*Problem statement:* Print every line below exactly. Skip the pictures.

*Recorded information:*
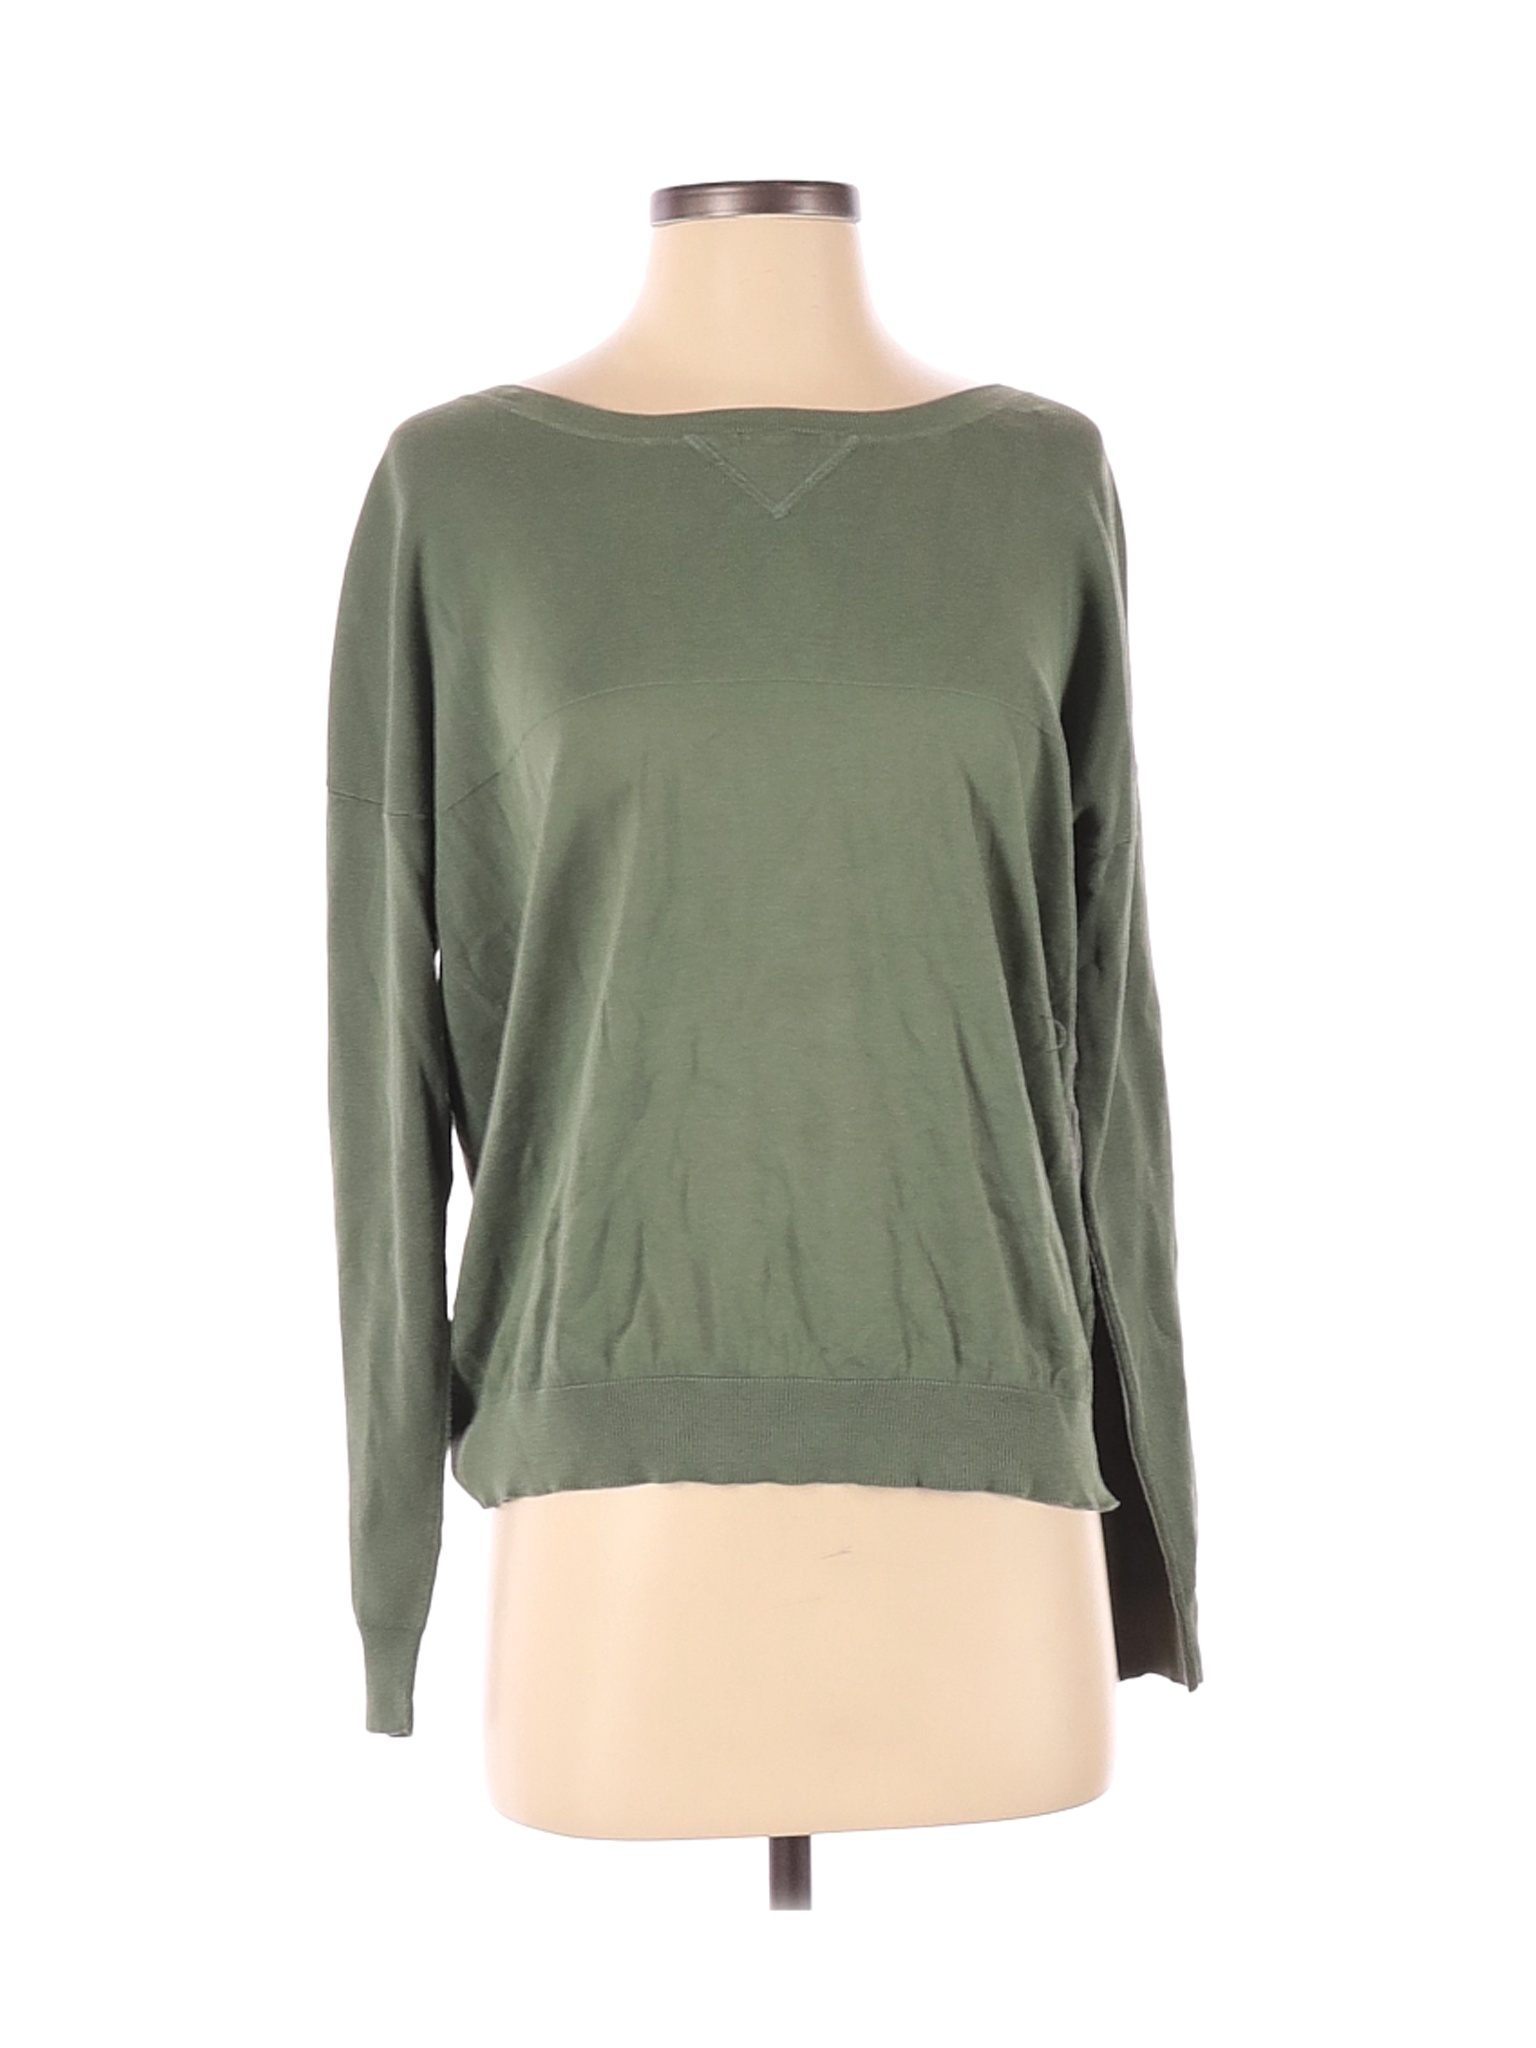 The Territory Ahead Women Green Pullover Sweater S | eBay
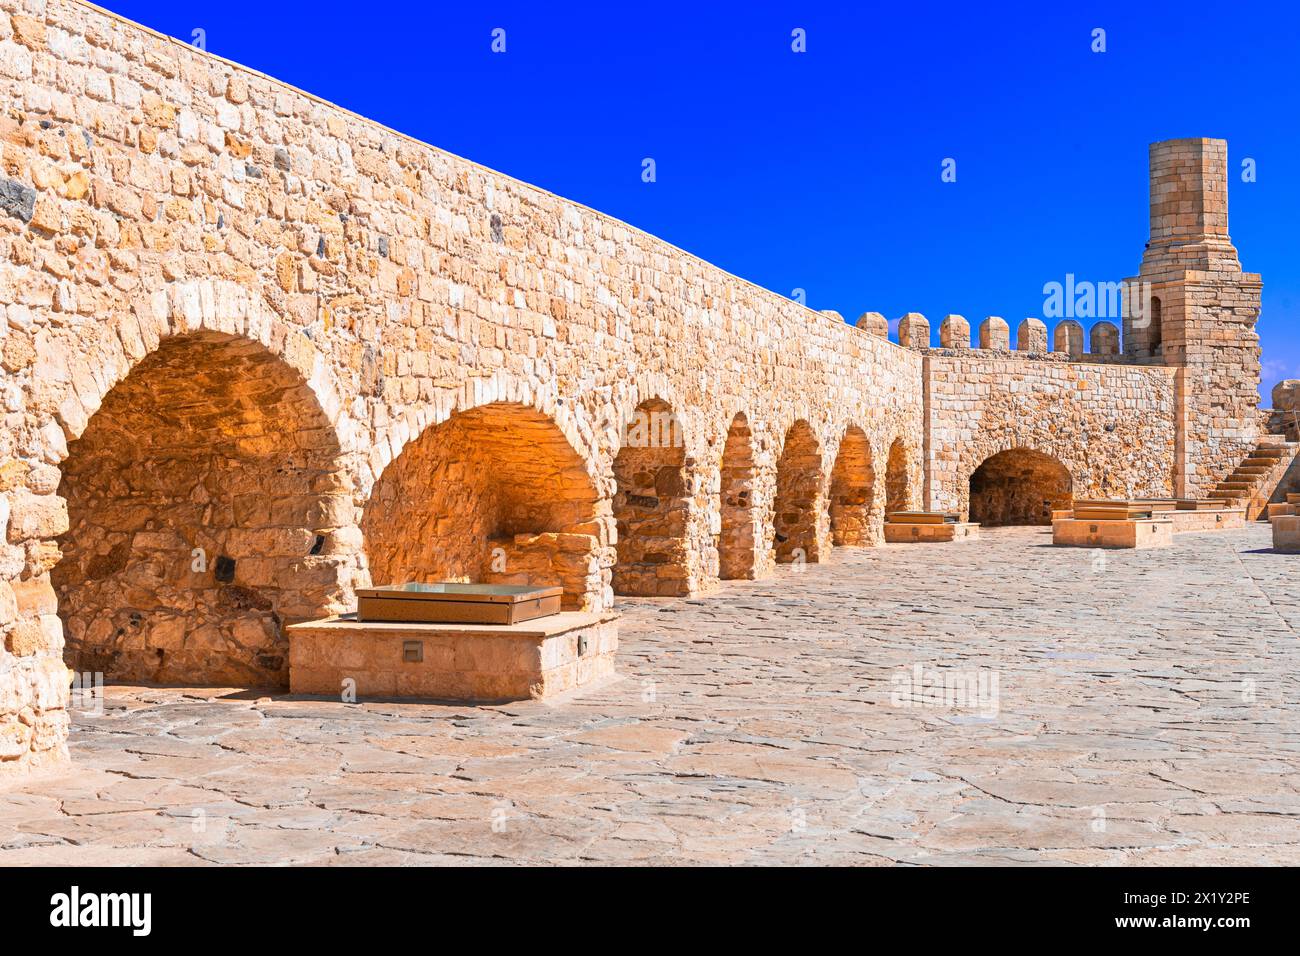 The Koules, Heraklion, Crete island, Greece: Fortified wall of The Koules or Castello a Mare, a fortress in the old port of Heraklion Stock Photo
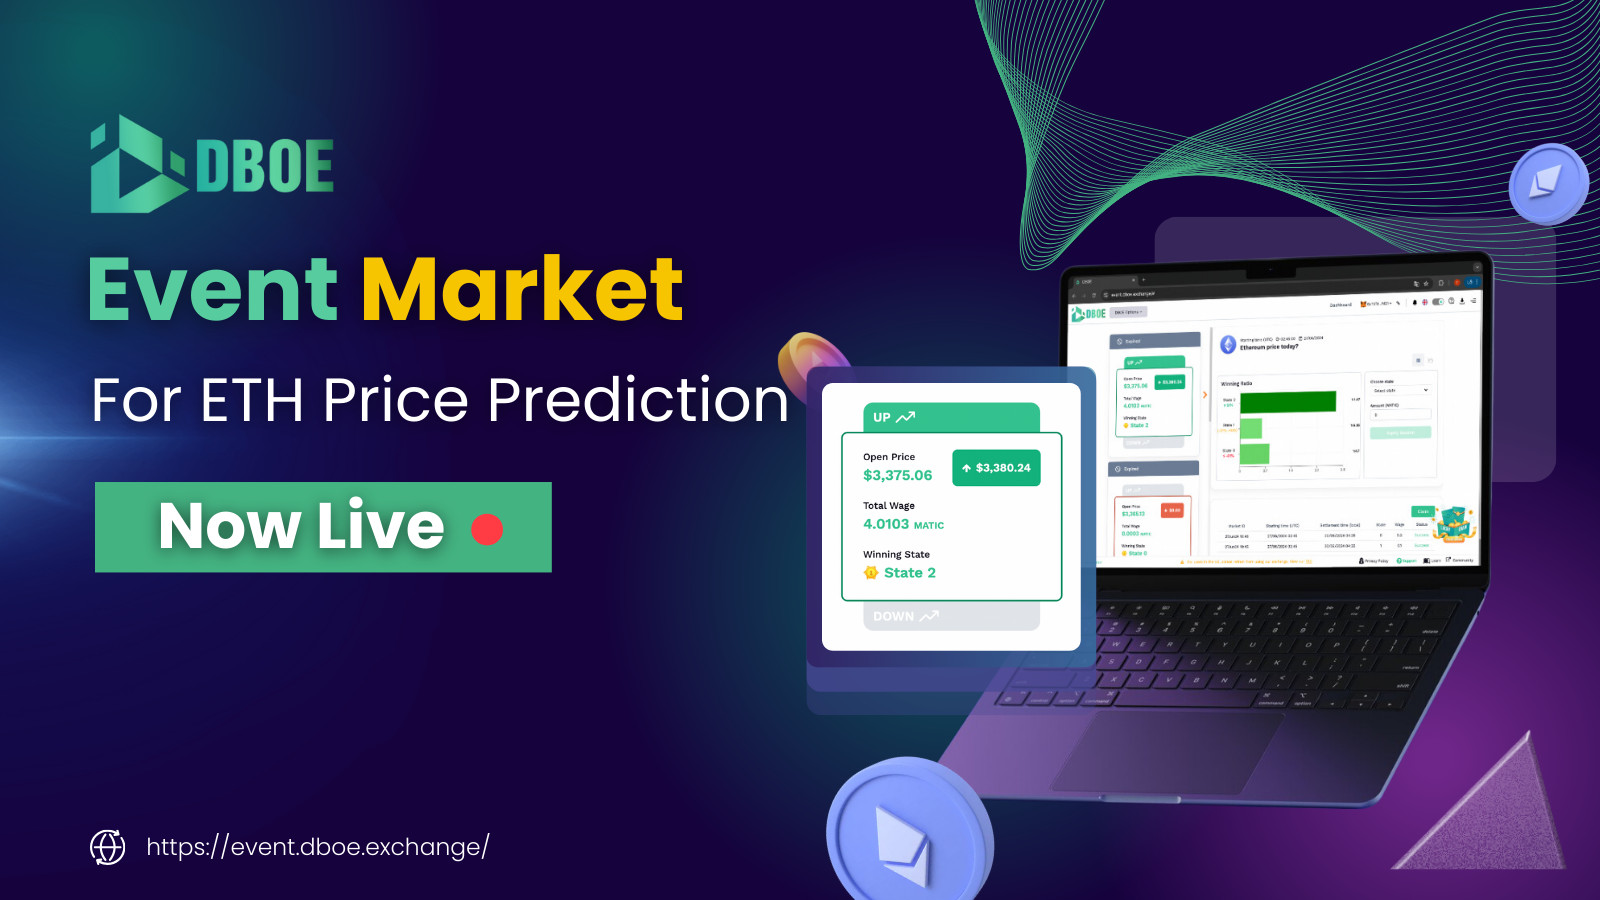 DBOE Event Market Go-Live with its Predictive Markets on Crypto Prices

*Response:*
 The Territory Ahead Women Green Pullover Sweater S | eBay
 The Koules, Heraklion, Crete island, Greece: Fortified wall of The Koules or Castello a Mare, a fortress in the old port of Heraklion Stock Photo
 DBOE Event Market Go-Live with its Predictive Markets on Crypto Prices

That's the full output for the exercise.